If your apartment complex pays the water bill, you could plug the drain in your bathtub and run an icy-cold shower to fill up the tub. Put a box fan in the bathroom doorway to pull cool mist out of the bathroom, and don’t use the ceiling vent unless you have to. Do what you can to maximize the amount of time the shower-spray is in the air – point it as far towards the opposite side of the tub as possible, or if it’s a stall, point it nearly horizontal to maximize the amount of back-spray you get.

If you’ve only got one bathroom, let everyone take icy-cold showers with the drain plugged, to save water.

Can you direct a stream of water from a hose onto the roof?

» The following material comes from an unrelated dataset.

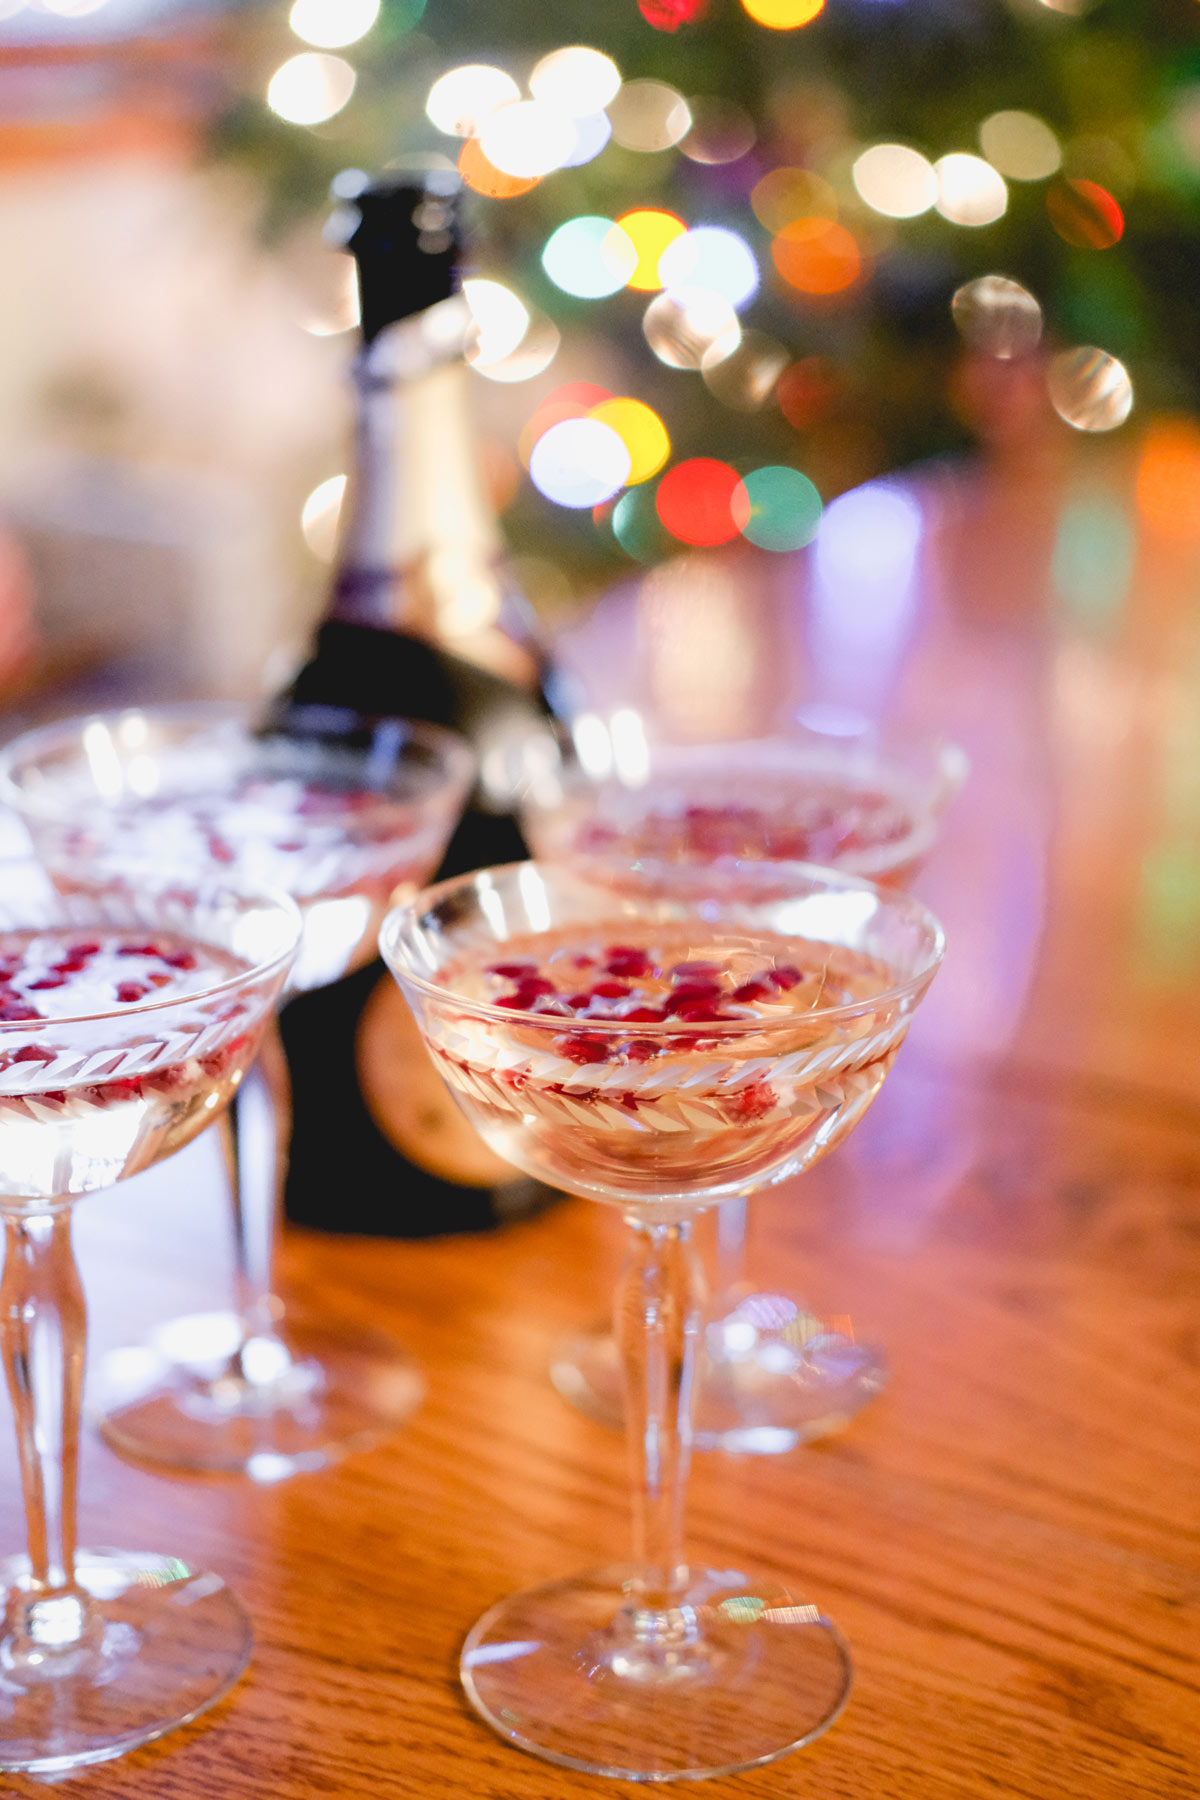 A Festive, Holiday Prosecco Drink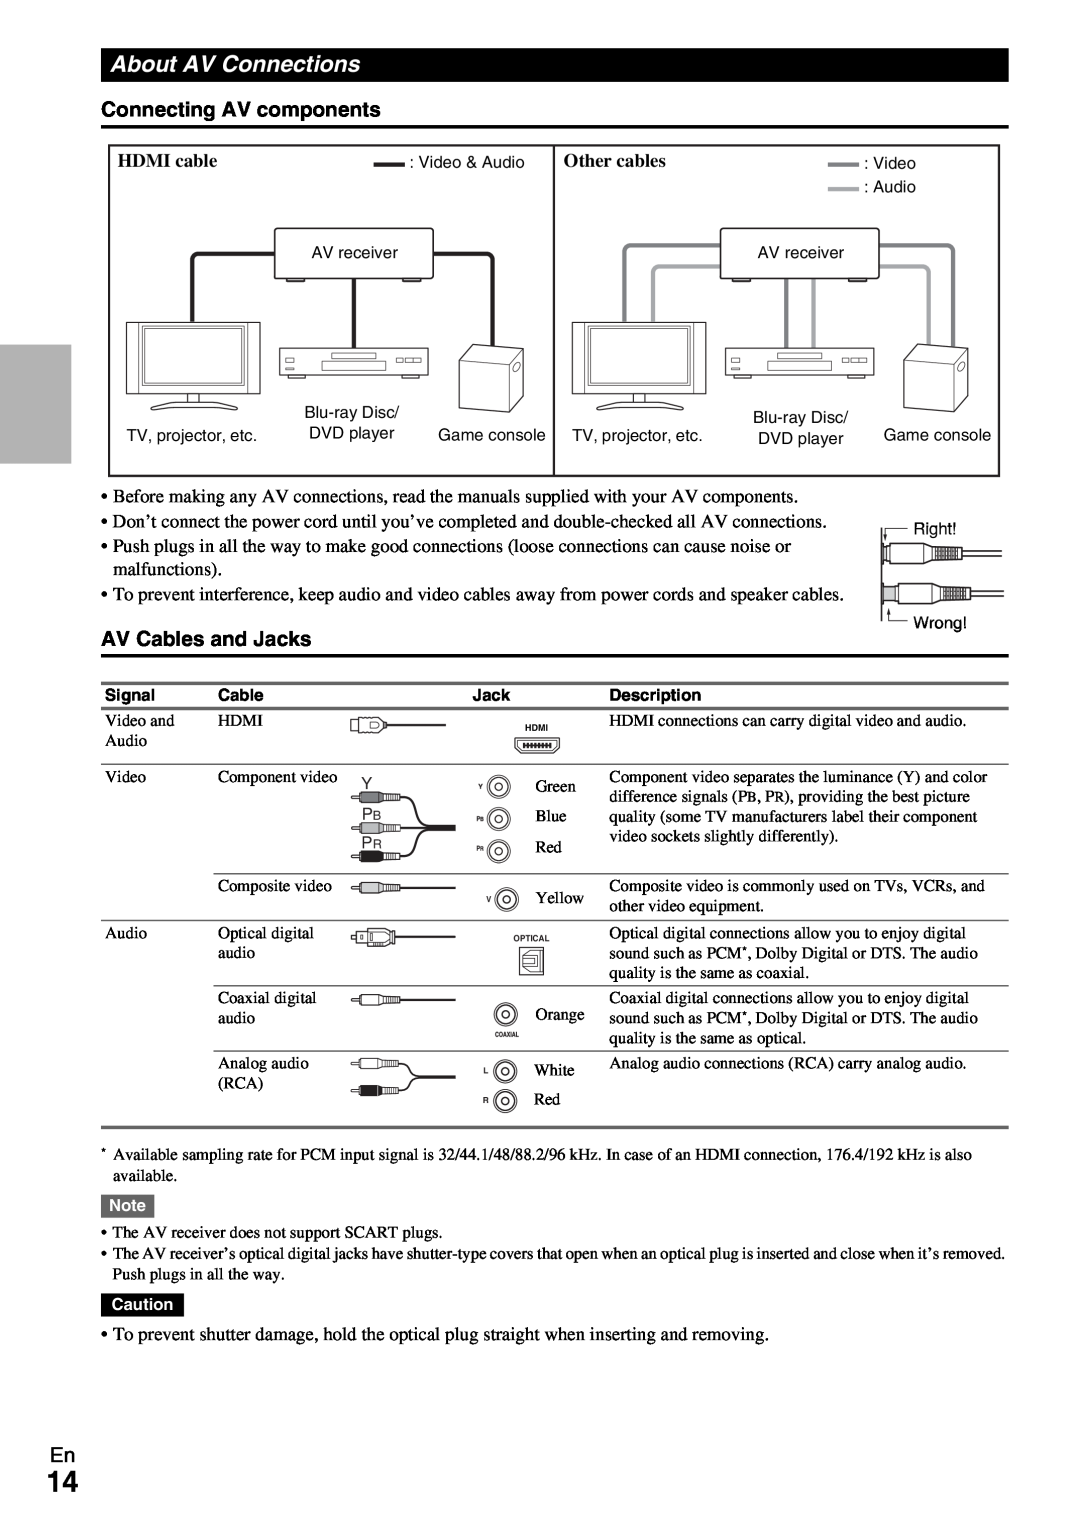 Onkyo TX-NR579 instruction manual About AV Connections, Connecting AV components, AV Cables and Jacks

That will cool the building down. It’s a waste of water, so it should be used only for emergencies.

If you have a patio with a faucet, you can get one of those Misty things at the hardware store, and have it mist your patio- which will also make your apt cooler.

Have to agree with this. Just had air conditioner repair guys over two weeks ago and they said at best the AC will cool a place off about 20 degrees from the outside temperature. In reality they said it is far more common to be something like 15-17 degrees cooler. In the end however the amount of cooling you get depends on many things…size of the place being cooled, power of the air conditiner, how many windows you have, how good the insulation is in the apartment, what floor you are on, if central air how you have the registers set and so on.

A properly designed AC system should be able to maintain the design temperature in a space at design conditions. Of course, when you are not at design conditions, then the system will perform differently. As the outside air temperature rises, an air cooled AC unit will lose capacity. 100 degree air won’t remove as much heat from the condenser coil as 90 degree air will. On the other hand, a system that is sized properly for 100 degree outside air is going to be oversized when the outside air is cooler. Of course, this assumes a properly designed system. Don’t bet on it in residential applications. If it turns out that the unit is working properly but just undersized for the conditions, then adding a window AC unit will work fine to add additional capacity. A basic half ton unit is about $80 at the big warehouse stores and will cool a bedroom nicely.

BTW, a system undersized for the very hottest days isn’t necessarily a bad design, it’s a choice made to provide a system that is the right size for most days. In many cases, it’s the right choice.
Oh, and if your coils are icing over, your AC is not working properly. Icing is a symptom of low freon levels. Sounds counterintuitive, but a lower amount of freon results in a lower pressure in the coil and a corresponding drop in the saturation temperature.